* [What you are asked to do] Your copy should start at the line with "Spring - Dandelion Seed - Poster - Office" and end at the line with "6elements Japan 六行ROKUGYO" in the data below. Transcribe only those lines, exactly, pictures excluded.

* [Materials provided]
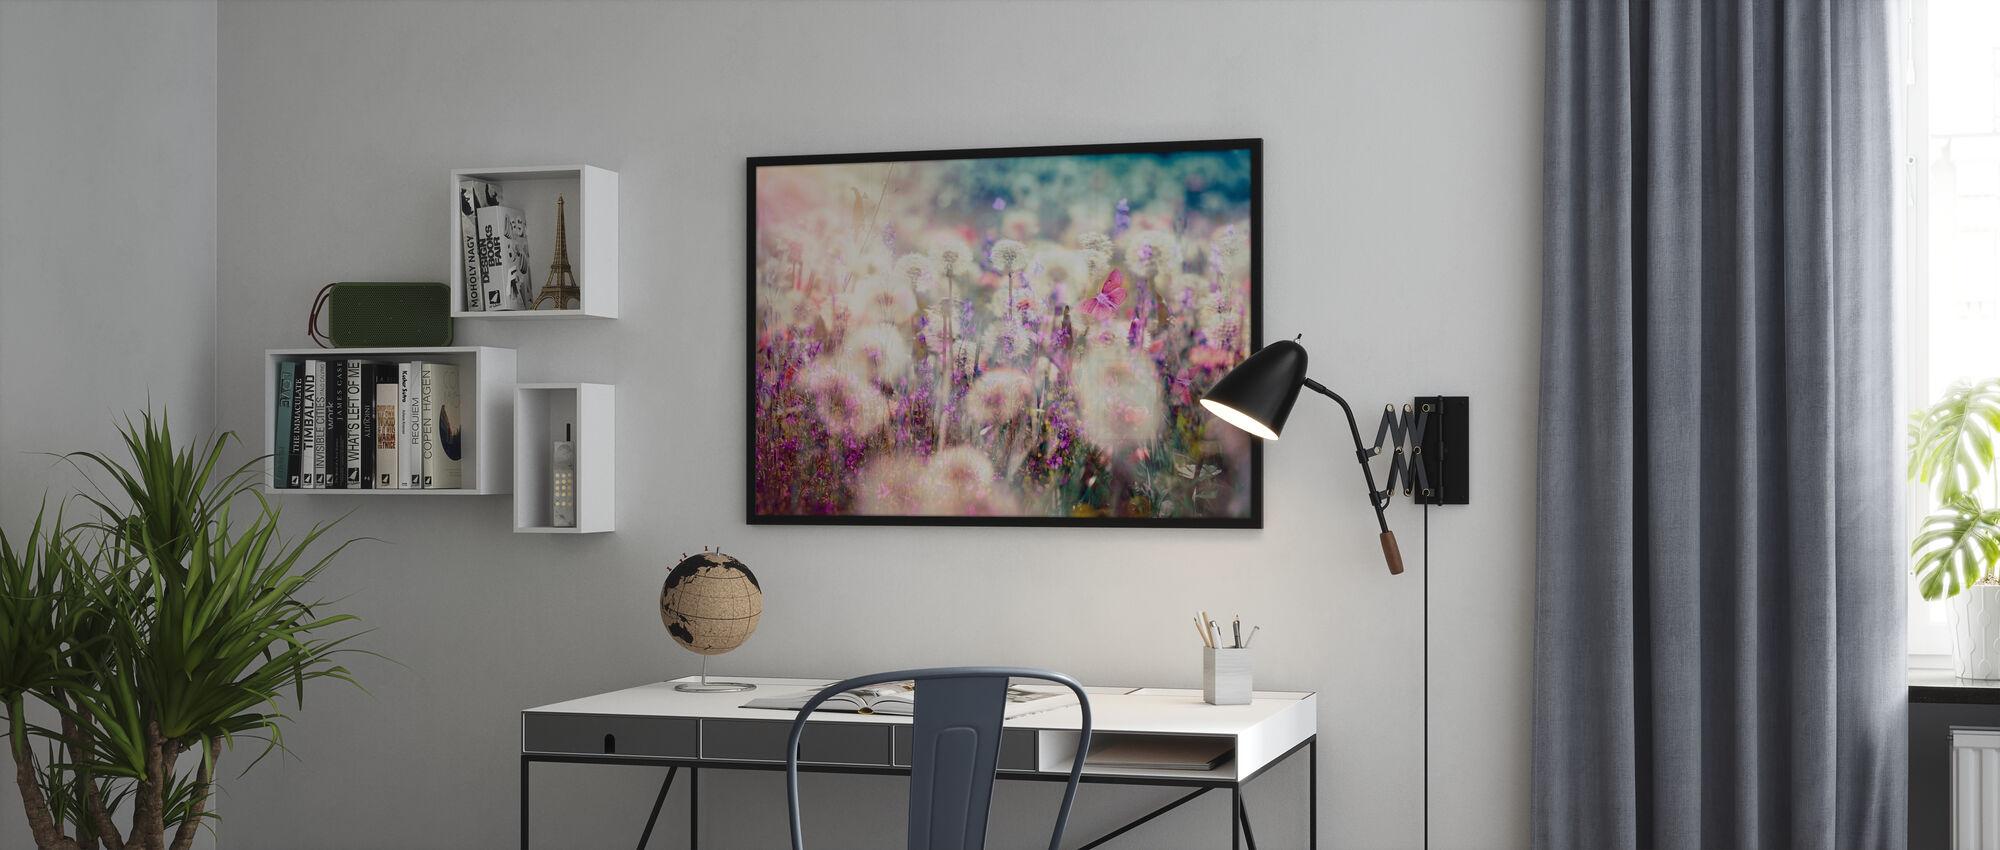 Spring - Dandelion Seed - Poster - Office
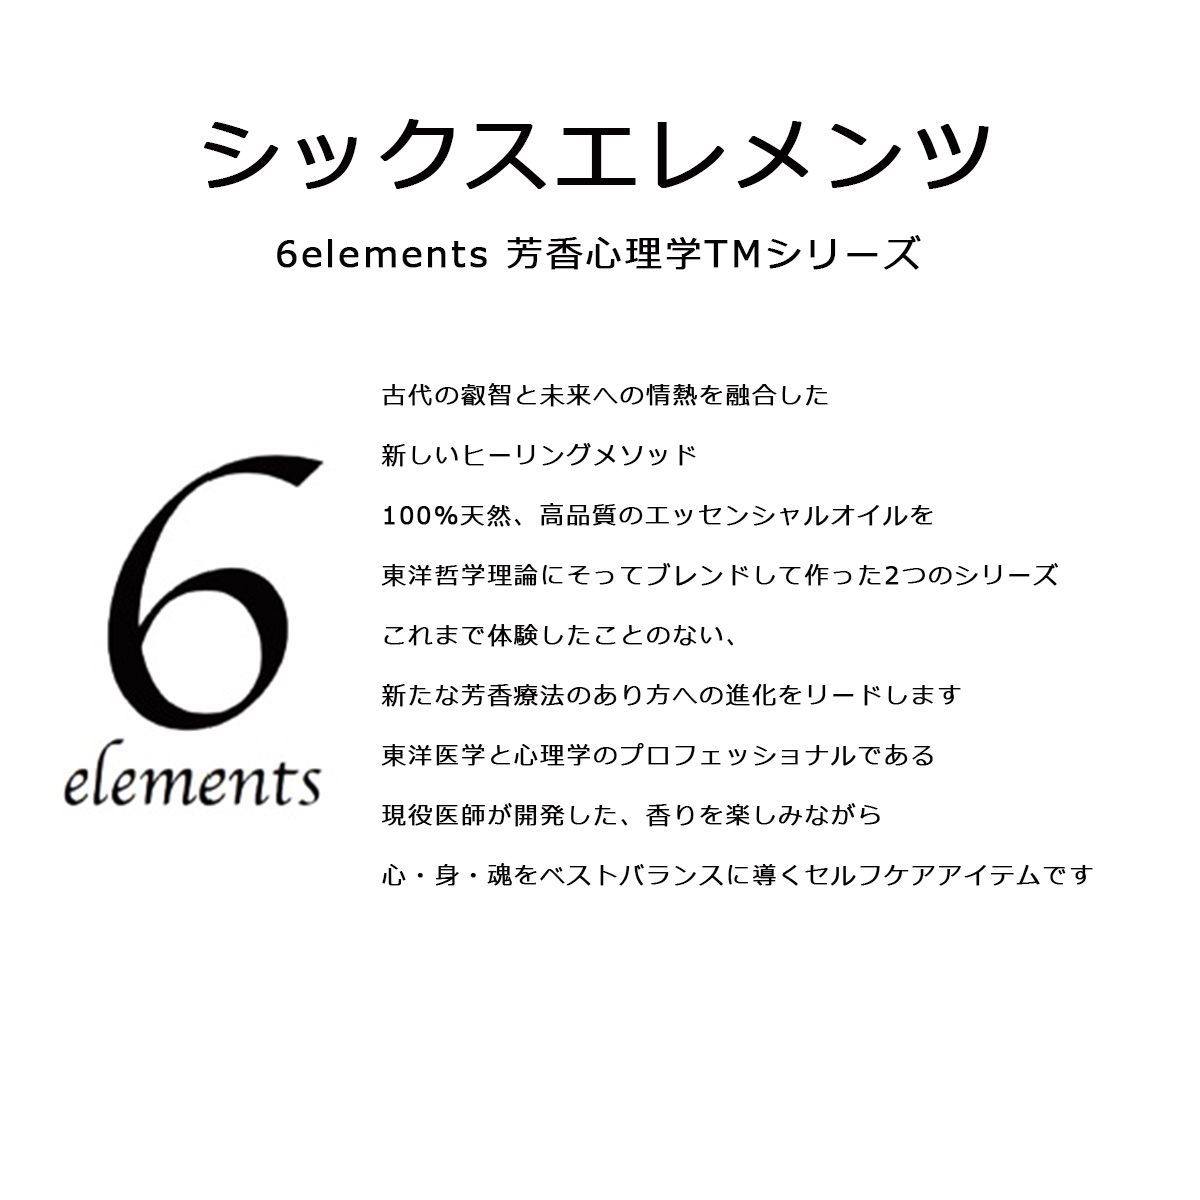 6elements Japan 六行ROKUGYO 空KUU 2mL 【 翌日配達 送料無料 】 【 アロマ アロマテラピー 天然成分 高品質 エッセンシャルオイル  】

...

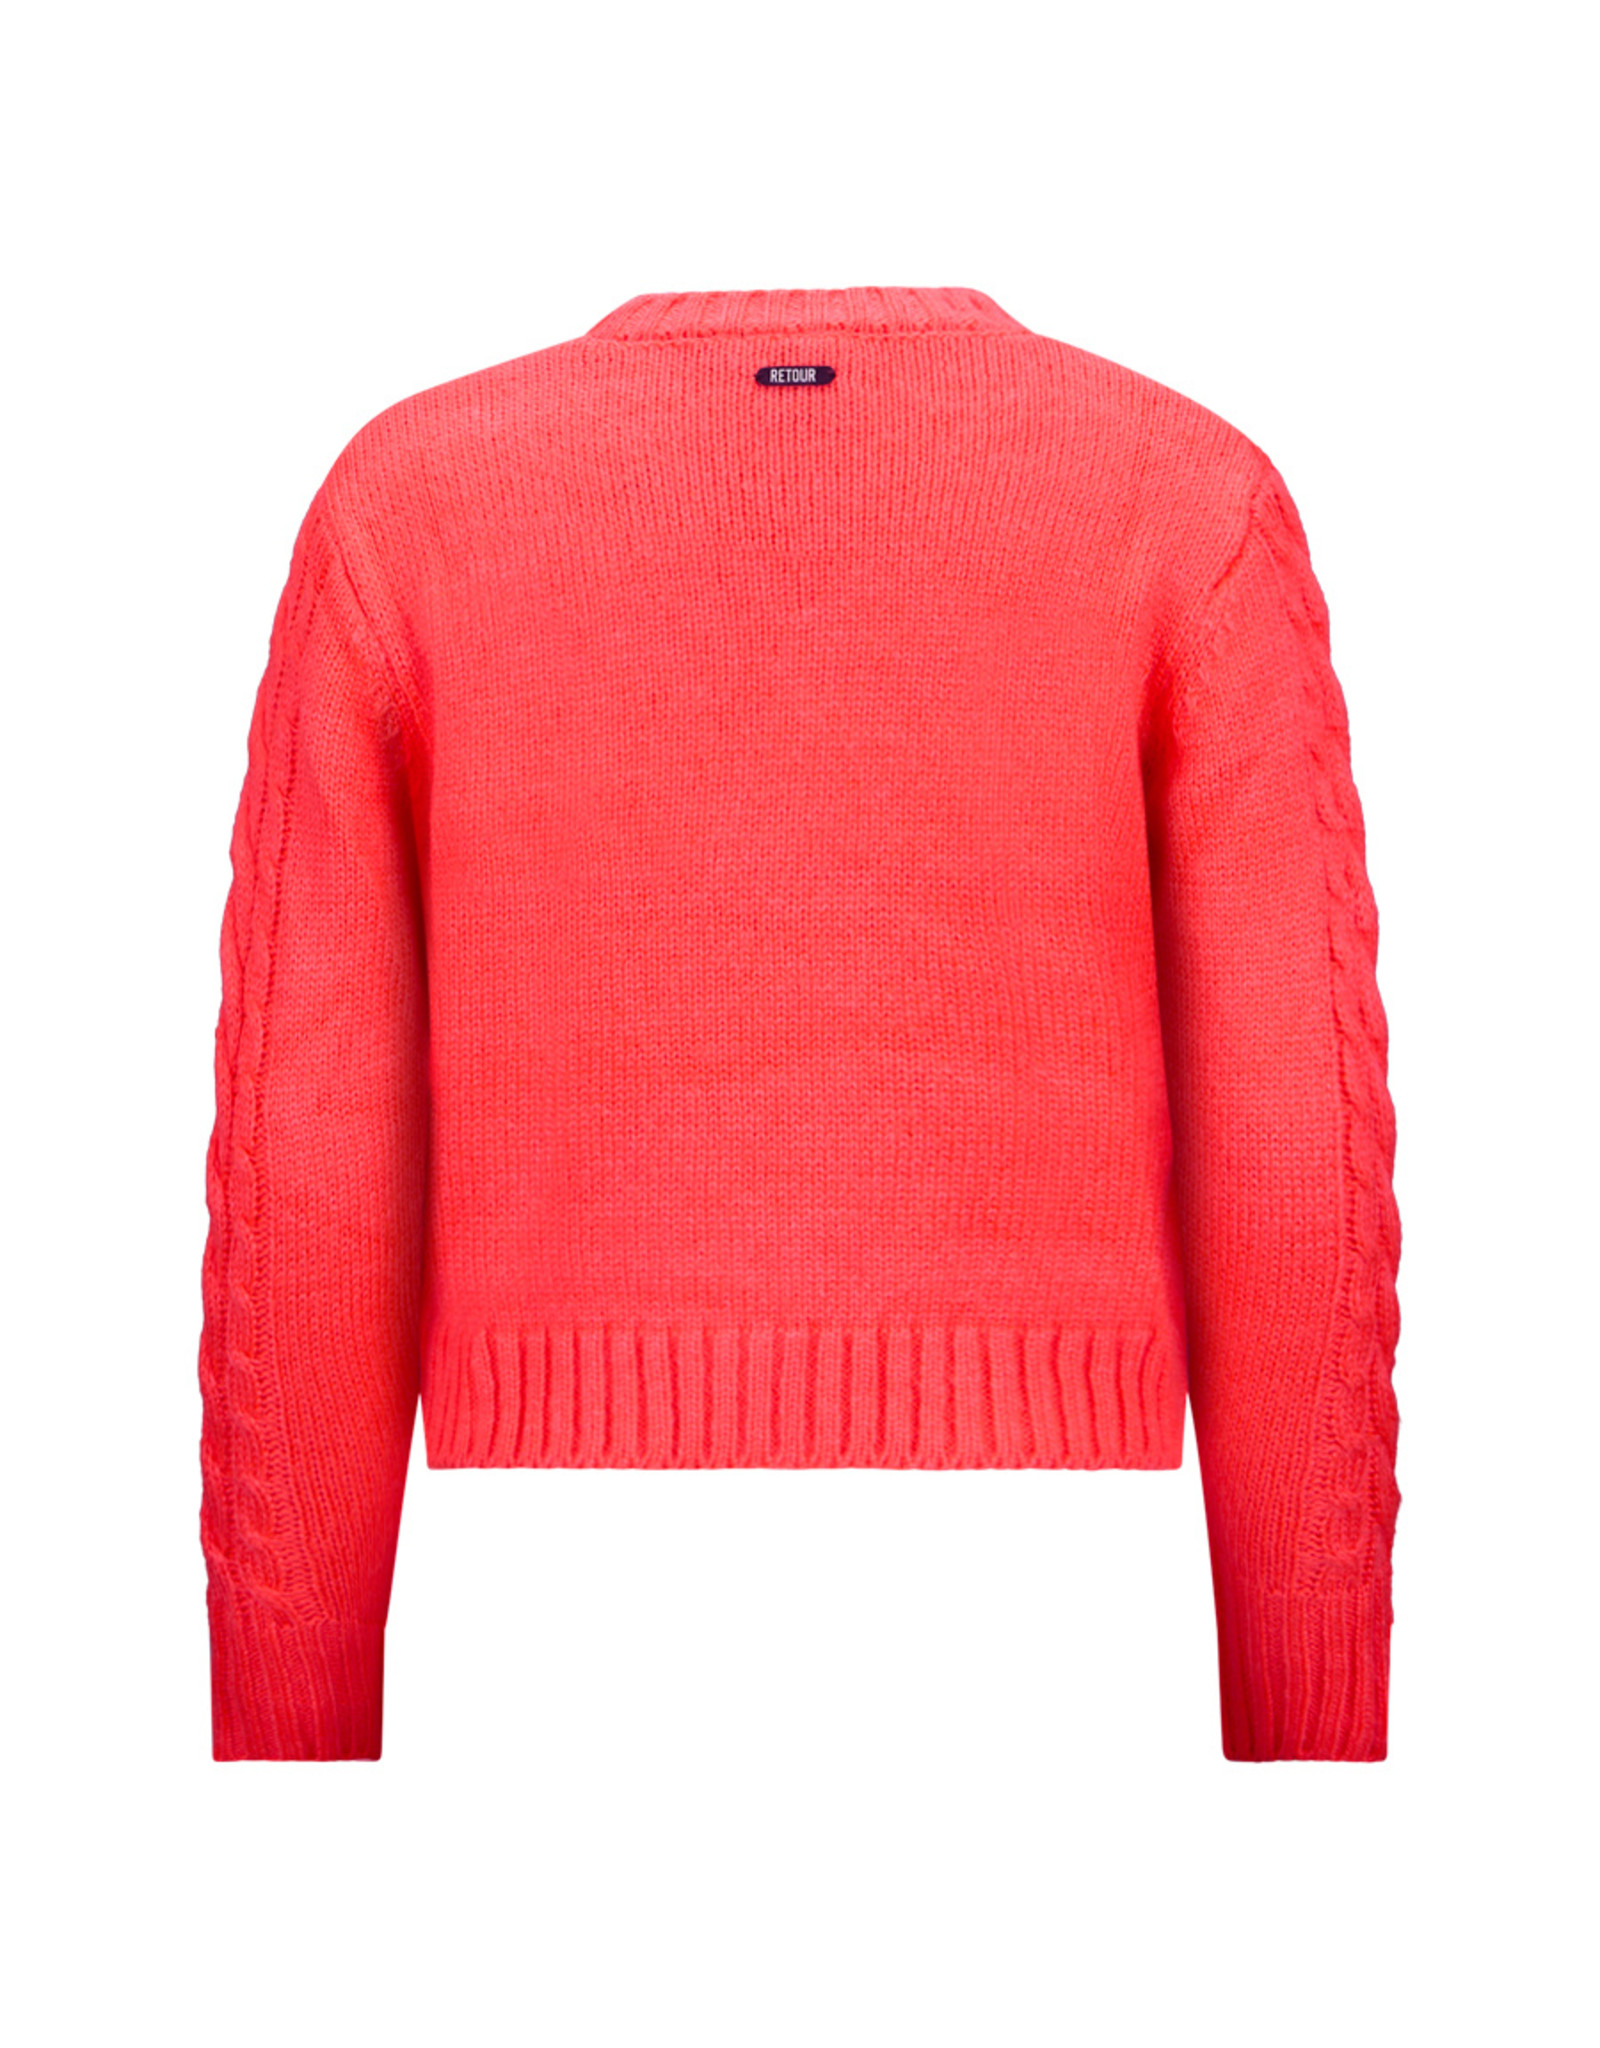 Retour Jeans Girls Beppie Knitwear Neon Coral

* [Answer to the problem]
 Spring - Dandelion Seed - Poster - Office
 6elements Japan 六行ROKUGYO 空KUU 2mL 【 翌日配達 送料無料 】 【 アロマ アロマテラピー 天然成分 高品質 エッセンシャルオイル  】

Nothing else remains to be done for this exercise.